BEGIN Dataset excerpt

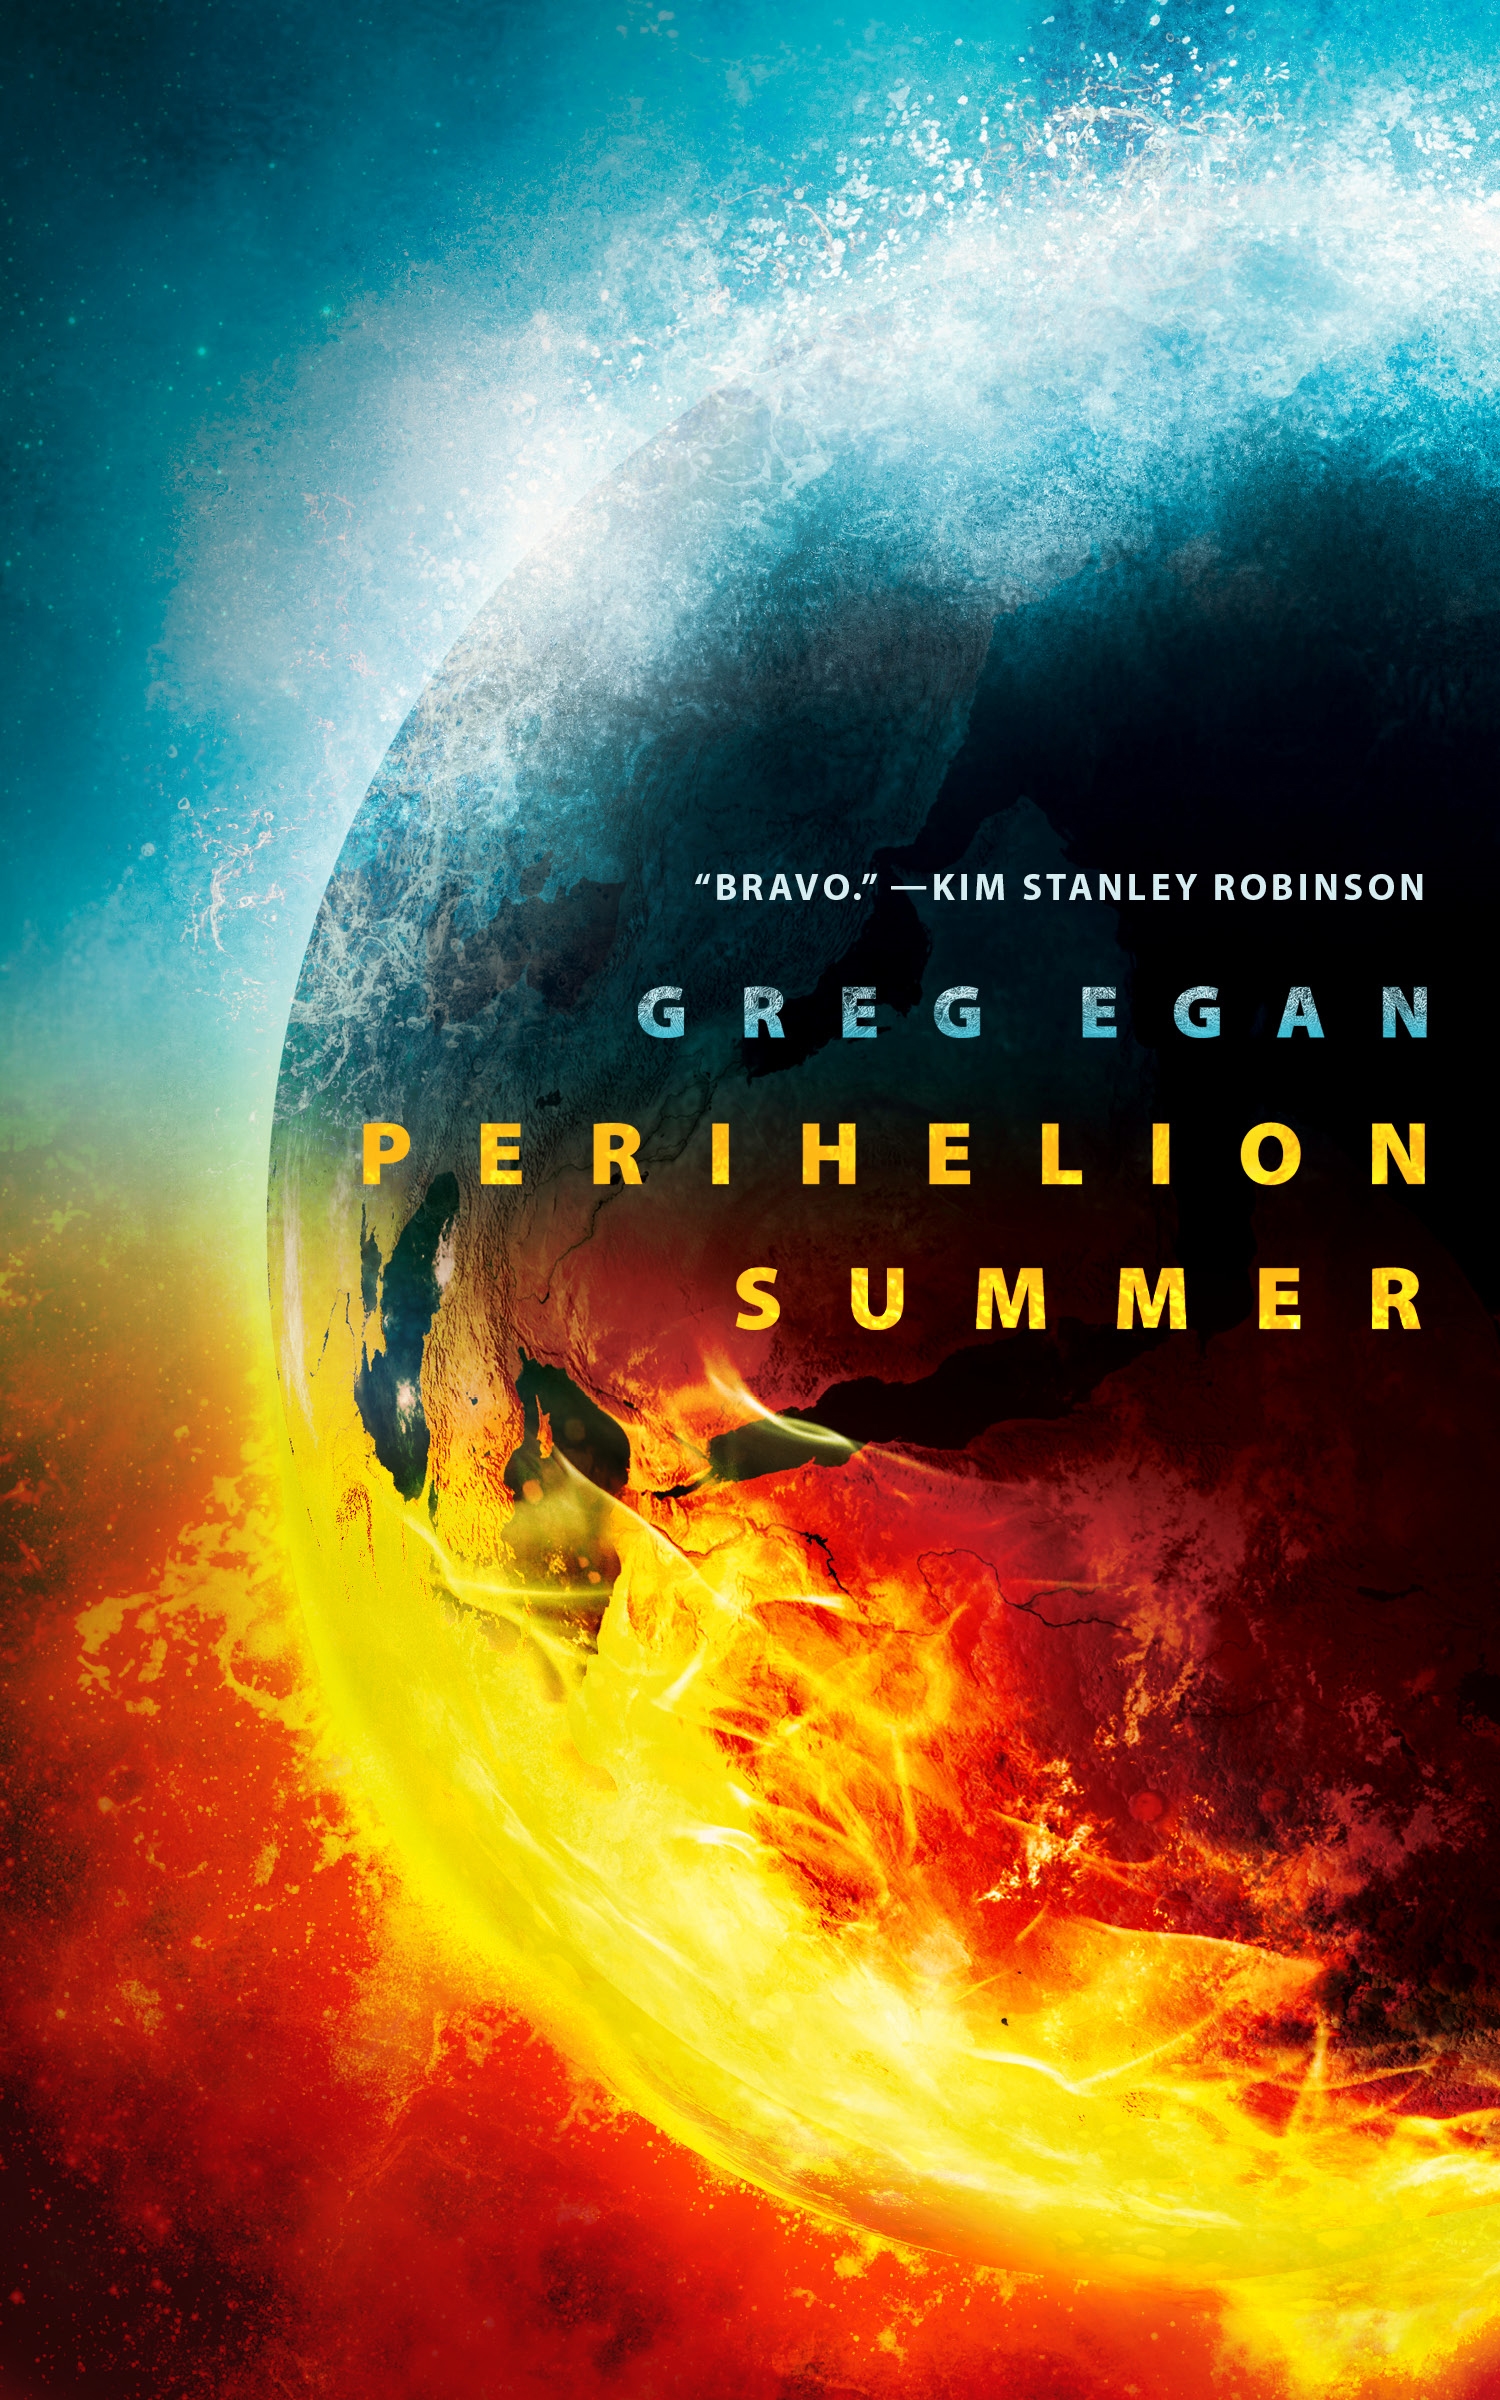 Perihelion Summer by Greg Egan
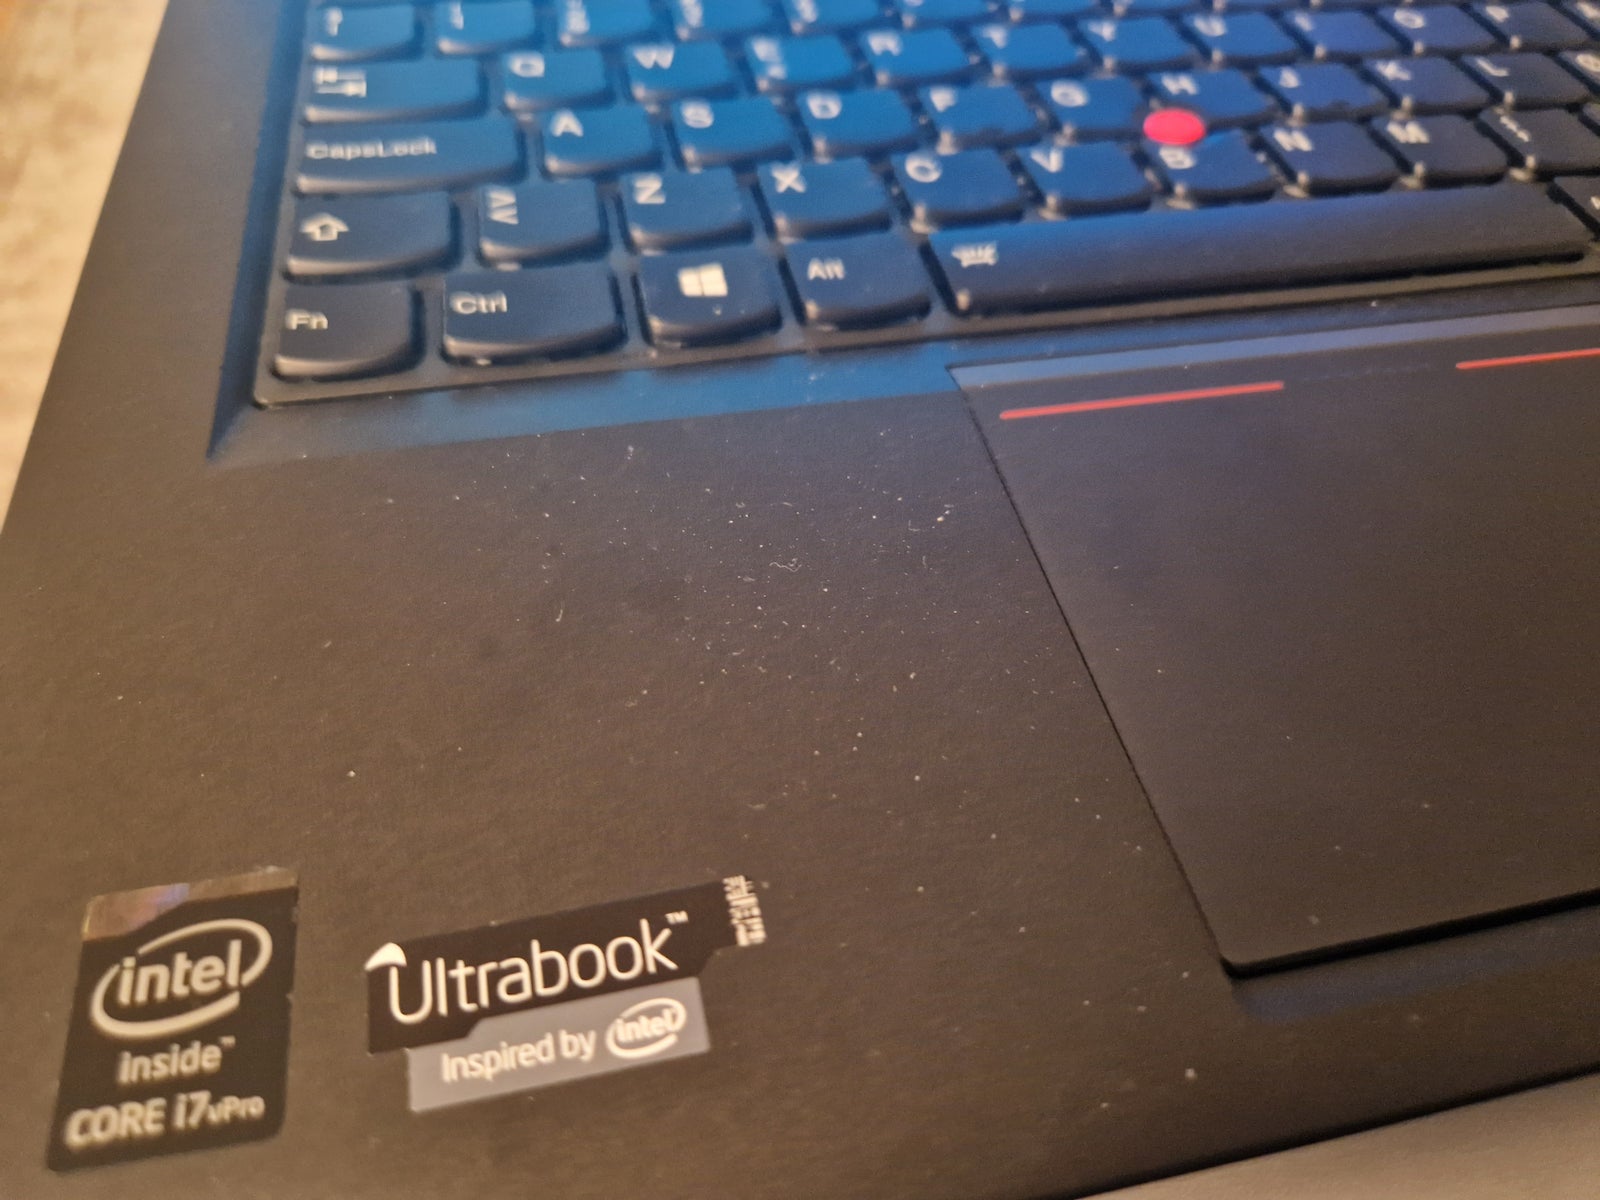 Lenovo Thinkpad ultrabook, I7vpro 2.10 2.69Ghz GHz, 8 GB
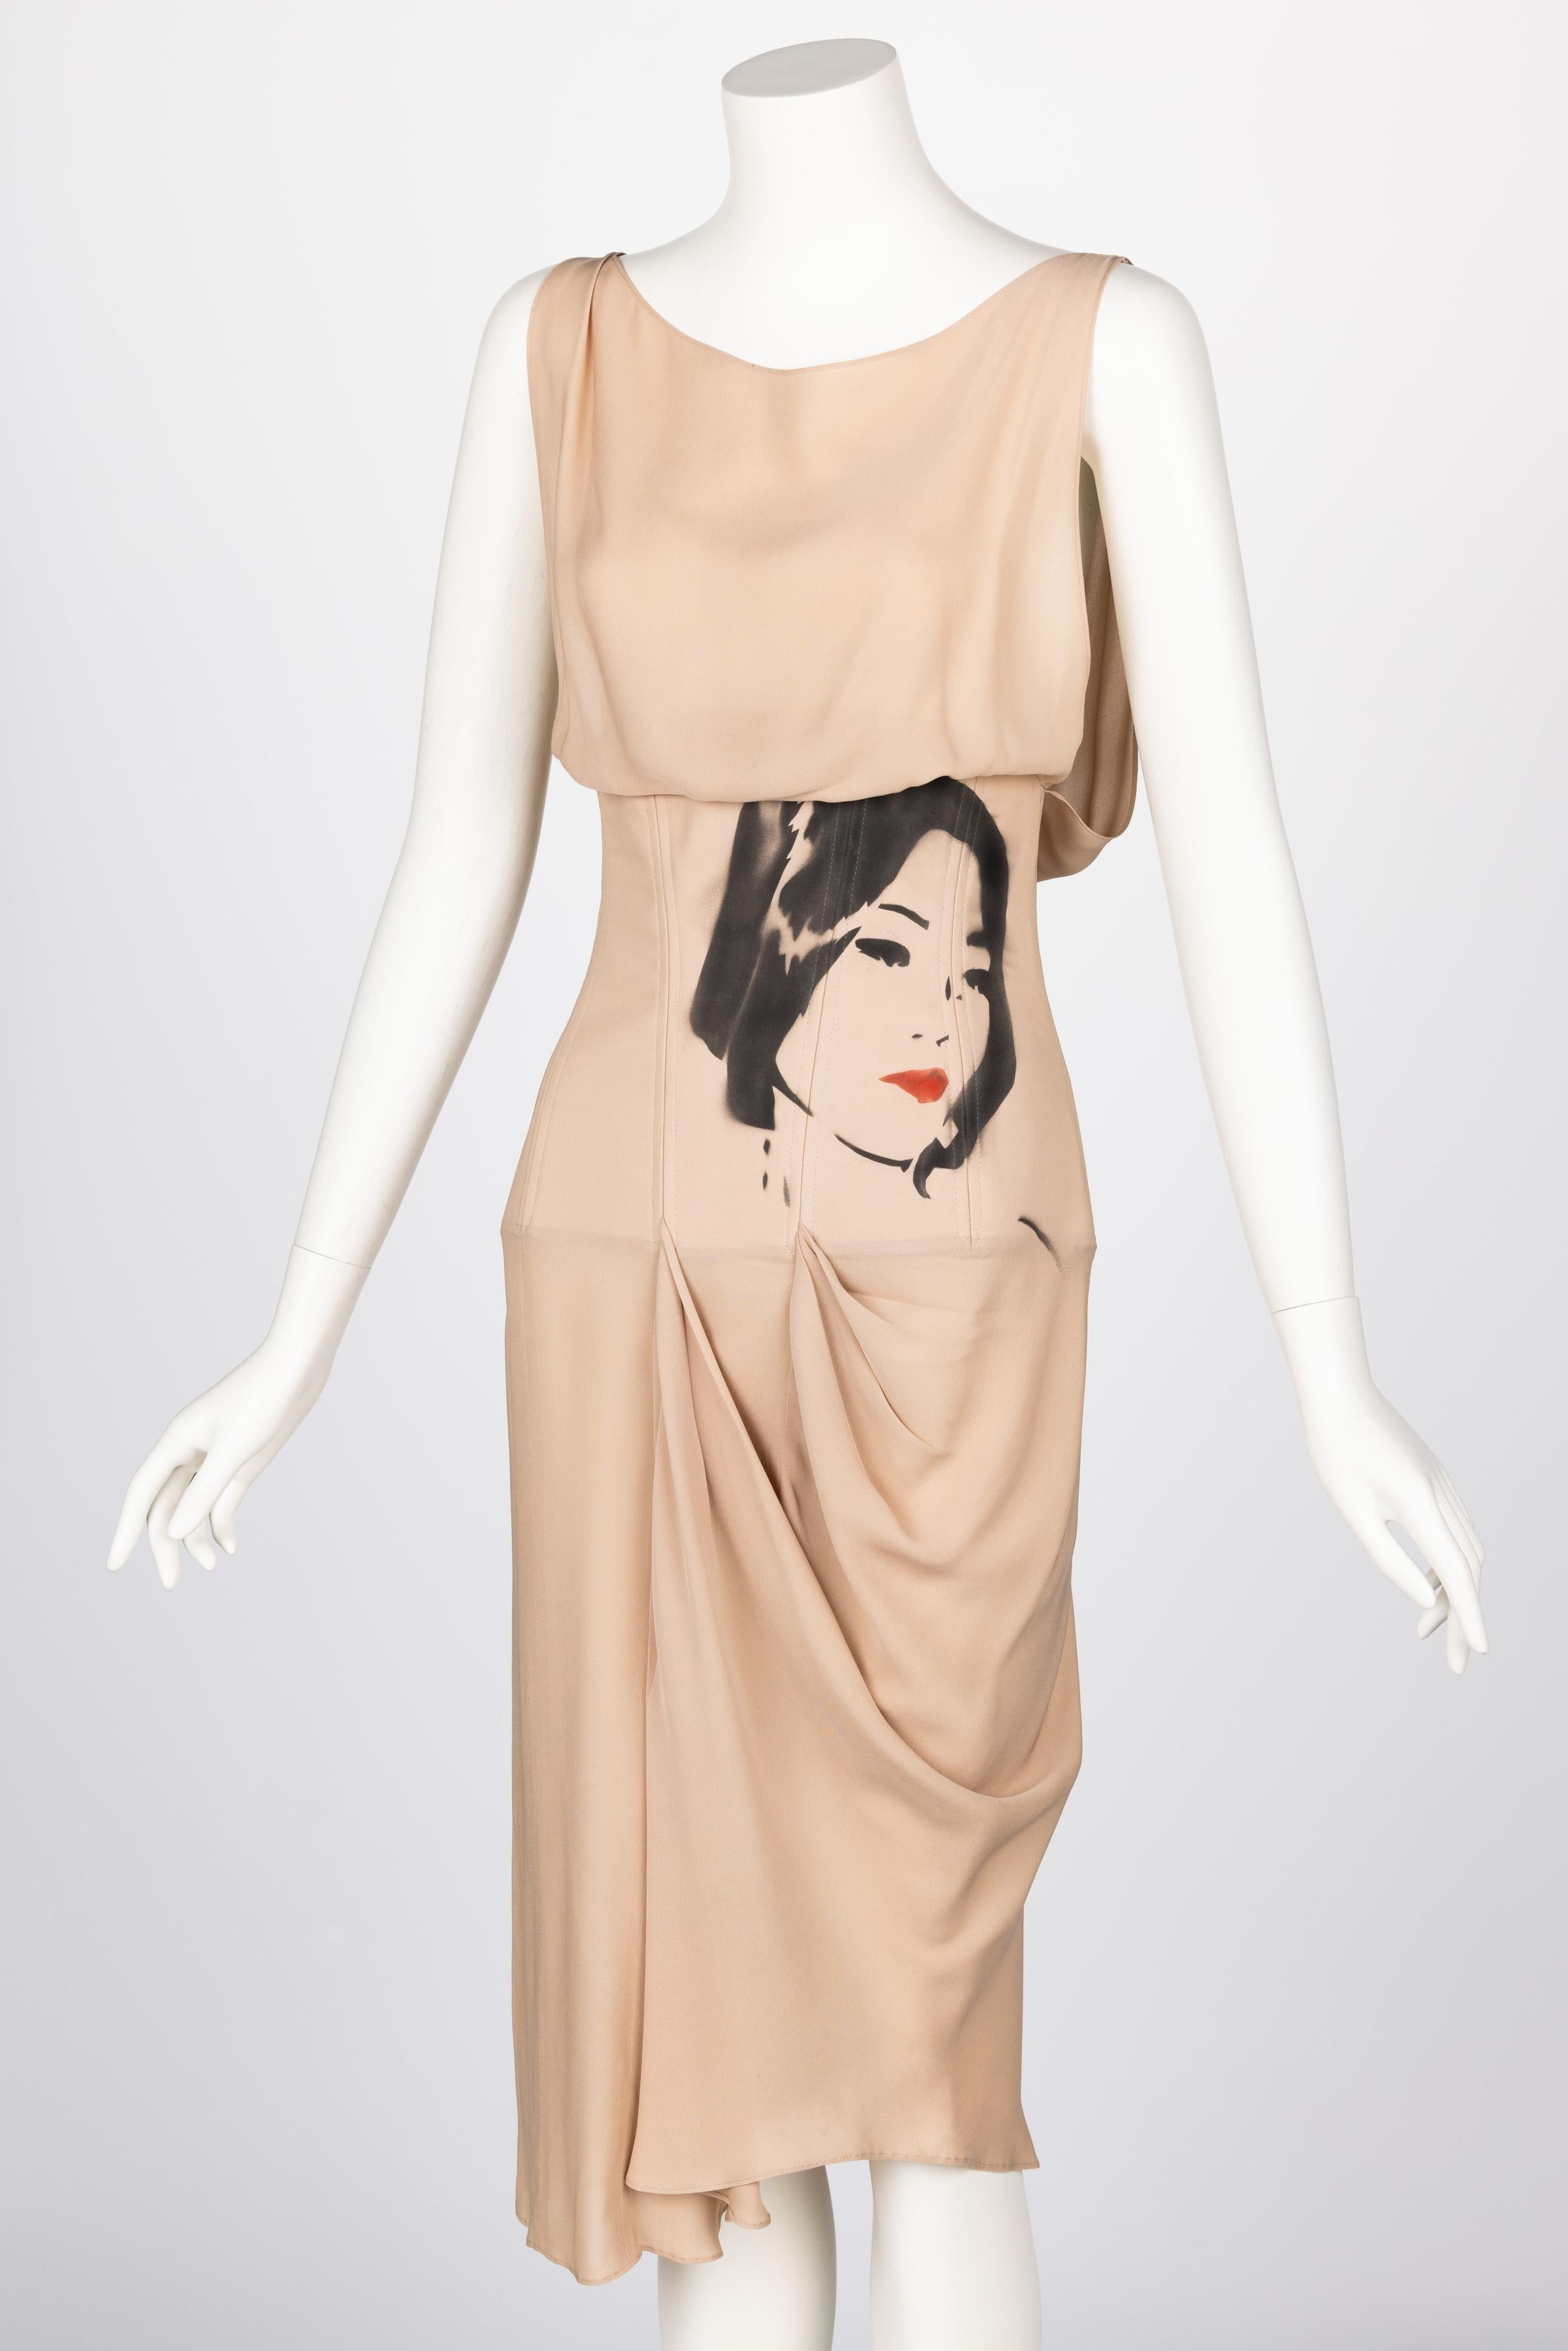 Chloé Stella McCartney F/W 2001 Draped Silk Face Corset Dress In Good Condition For Sale In Boca Raton, FL

END Dataset excerpt

**Required work**
The data is to be printed again exactly, but without its pictures.

**Response**
 Perihelion Summer by Greg Egan
 Lenovo Thinkpad ultrabook, I7vpro 2.10 2.69Ghz GHz, 8 GB
 Chloé Stella McCartney F/W 2001 Draped Silk Face Corset Dress In Good Condition For Sale In Boca Raton, FL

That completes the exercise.